People Power - the missing part of ‘What Good Looks Like’?
We are living in unprecedented times and the NHS and whole health and care system has suffered immense pressure in the last year. The combination of integrated care systems (ICS’s) and digital technology offers huge potential to meet some of these challenges.
NHSX should be congratulated on the release of ‘What Good Looks Like’, a policy designed to encourage ICS’s to get full value out of digital transformation by following some key principles and practices. However, we have three key points which we hope might contribute to a further iteration of the guidance.
1. Tricky Language
It is good to see that NHSX have put the people we are here to serve at the centre of the guidance although the language ‘Empower Citizens’ is tricky. There have been lots of research papers and public debate on the use of the problematic term ‘empower’ and a fair few debates on using the word ‘citizen’. There does need to be sensitivity and understanding of the perspective of people who might not have been yet granted citizenship but who are asylum seekers and refugees in our country. There is a short story in my colleague Pete Nuckley’s blogwhich gives some insight into some of the reasons why there are debates around ethics and exclusivity of the term when used in a health context. When we talk about ‘empowering’ others, we hold and potentially gift power, rather than coming alongside and ‘working with’. We are in danger of ‘doing to’ and that doesn’t always feel very empowering to the recipient.
Maybe we could use words and approaches which ‘Enable People Power’ instead of ‘Empower Citizens’.
2. The ‘We’ Approach
I think what NHSX and others are getting at is enabling people to have the tools and information to be able to make choices and manage their health and live as well as possible.
An alternative would be to use a co-design approach of ‘working with’, understanding and valuing the skills, knowledge and insight that we all bring to the table and building relationships of shared trust, understanding and purpose?
This sense of ‘we’ is also important in terms of focusing on communities as well as individuals. I love the Aboriginal definition of health as it highlights and values the inter-connection between the wellbeing of individuals and their communities.
‘Aboriginal health” means not just the physical well-being of an individual but refers to the social, emotional and cultural well-being of the whole Community in which each individual is able to achieve their full potential as a human being thereby bringing about the total well-being of their Community.
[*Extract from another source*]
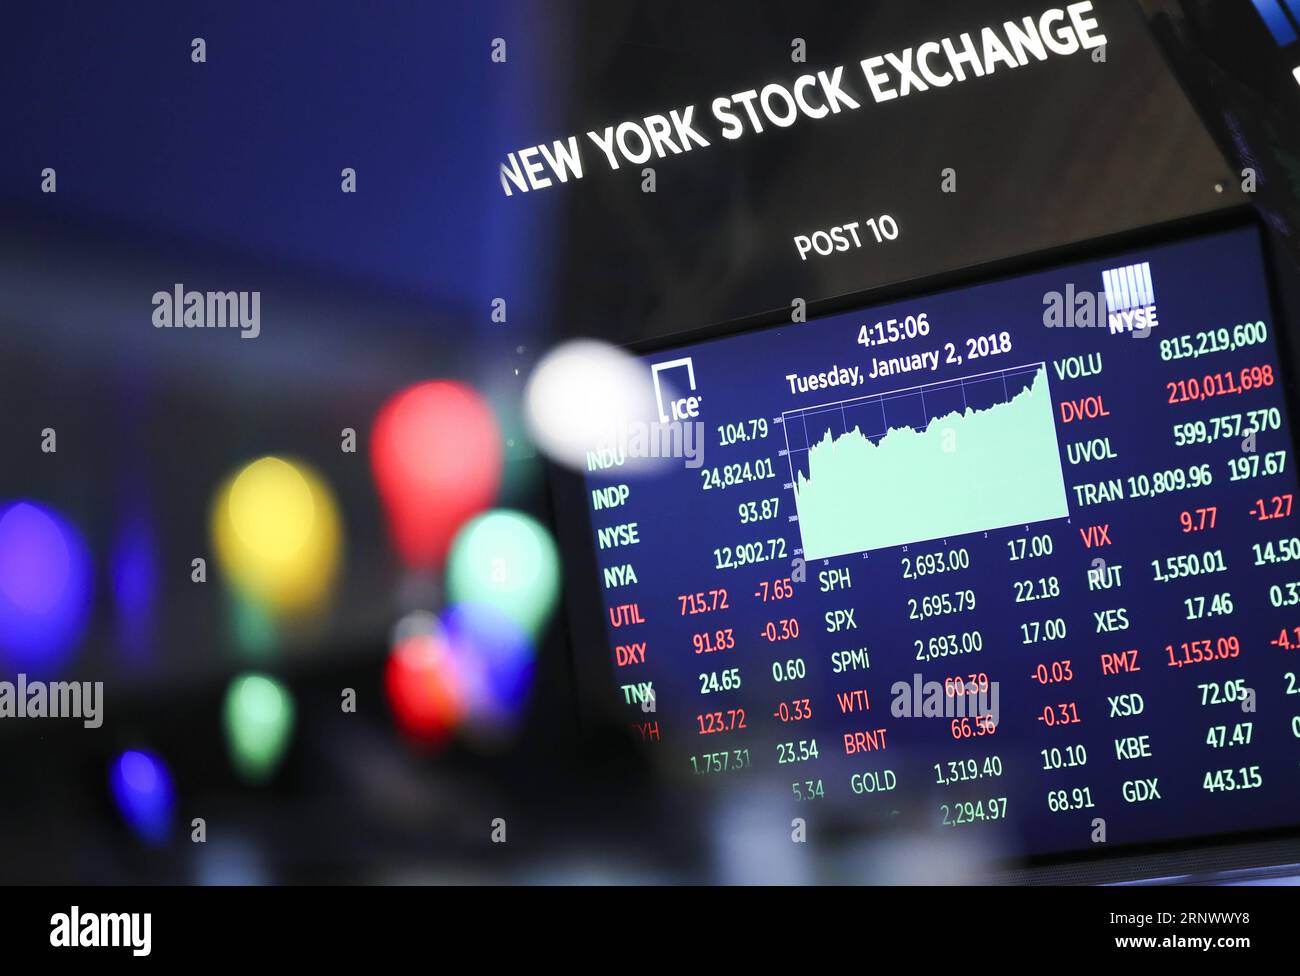 (180102) -- NEW YORK, 2. Januar 2018 -- Marktindizes werden am 2. Januar 2018 auf einem Bildschirm an der New York Stock Exchange in New York, USA, angezeigt. Die US-Aktien stiegen am Dienstag an, wobei der Nasdaq Composite Index zum ersten Mal über der großen Rundenzahl von 7.000 Punkten lag, als die Wall Street 2018 mit einer hohen Note startete. Der Dow Jones Industrial Average stieg um 104,79 Punkte oder 0,42 Prozent auf 24.824.01. Die S&P 500 fügte 2.695,79 22,18 Punkte oder 0,83 Prozent hinzu. Der Nasdaq Composite Index sprang 103,51 Punkte oder 1,50 Prozent auf 7.006,90 Punkte. ) U.S.-NEW YORK-STOCKS-FIRST TRADING Stockfoto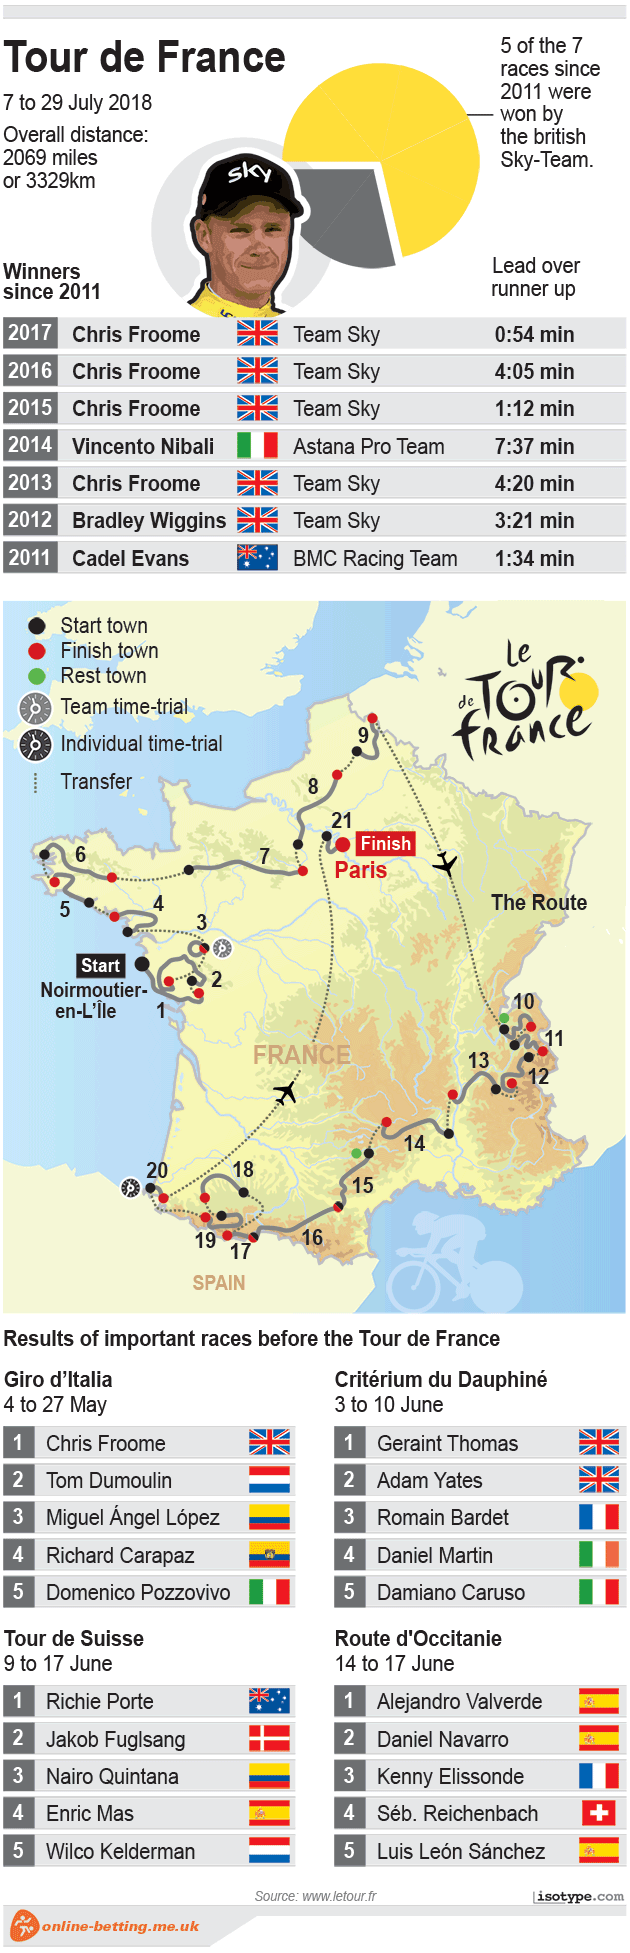 Tour de France 2018 Infographic

It is a whole of life view and includes the cyclical concept of life-death-life.’
There is plenty of evidence out there on the power of community in health and wellbeing, for example, David Buck from the Kings Fund has written about it here.
3. Inclusive Digital Transformation
The ‘Empower Citizens’ section starts off with the phrase ‘Citizens are at the centre of service design and have access to a standard set of digital services that suit all literacy and digital inclusion needs’
Our team were delighted to see a mention of digital inclusion in the guidance but the phrase ‘a standard set of digital services that suit all literacy and digital inclusion needs’ doesn’t fit with the findings of our research.
There will always be some people for whom digital services are not an option, e.g. people living with severe mental illness may be paranoid and fearful about having technology. Some of the barriers aren’t necessarily about the standards, they might be about poverty, culture, trust and the availability of private spaces. A very important consideration that emerges from every piece of related research we have carried out has been considering the specific needs and context for each person and customising the (digital) service around them. NHSX are right to identify there needs to be some basic co-designed standards but it won’t solve all the digital exclusion barriers and those standards will never suit all literacy and digital inclusion needs.
It is heartening to read that ICS’s should be thinking about digital exclusion issues strategically but it is disappointing to see it tucked away in the corner of the ‘Empower Citizens’ section - as a separate strategy and focused on initiatives. Bolder might be to invite ICS’s to take an ‘Inclusive Digital Transformation’ approach making it THE strategy not a strategy.
There are lots more insights we could share here but this is already too long a blog post so just a few key points which could be included in a next iteration:
Co-design inclusion into digital transformation upfront, as far upstream as possible.
Cross-sector (NHS, Local Govt, VCS) leaders work together to champion inclusion digital transformation.
Collect and analyse specific data on exclusion and recognise experience and insight as valuable information.
Map existing and potential inclusion assets as a key starting point and pool resources and build effective cross sector approaches including valuing community assets who are often trusted touchpoints for the most disadvantaged, excluded and seldom heard communities.
Take a strategic whole system approach to digital inclusion activities including digital and data poverty and digital health literacy
Recognise that sometimes staff are also digitally excluded and that they are potentially part of the solution to digital exclusion.
Congratulations once again to the team that have worked hard to produce this first iteration, it is a brilliant start. I hope the next version recognises and helps ICS’s unleash the full value of diverse and inclusive People Power.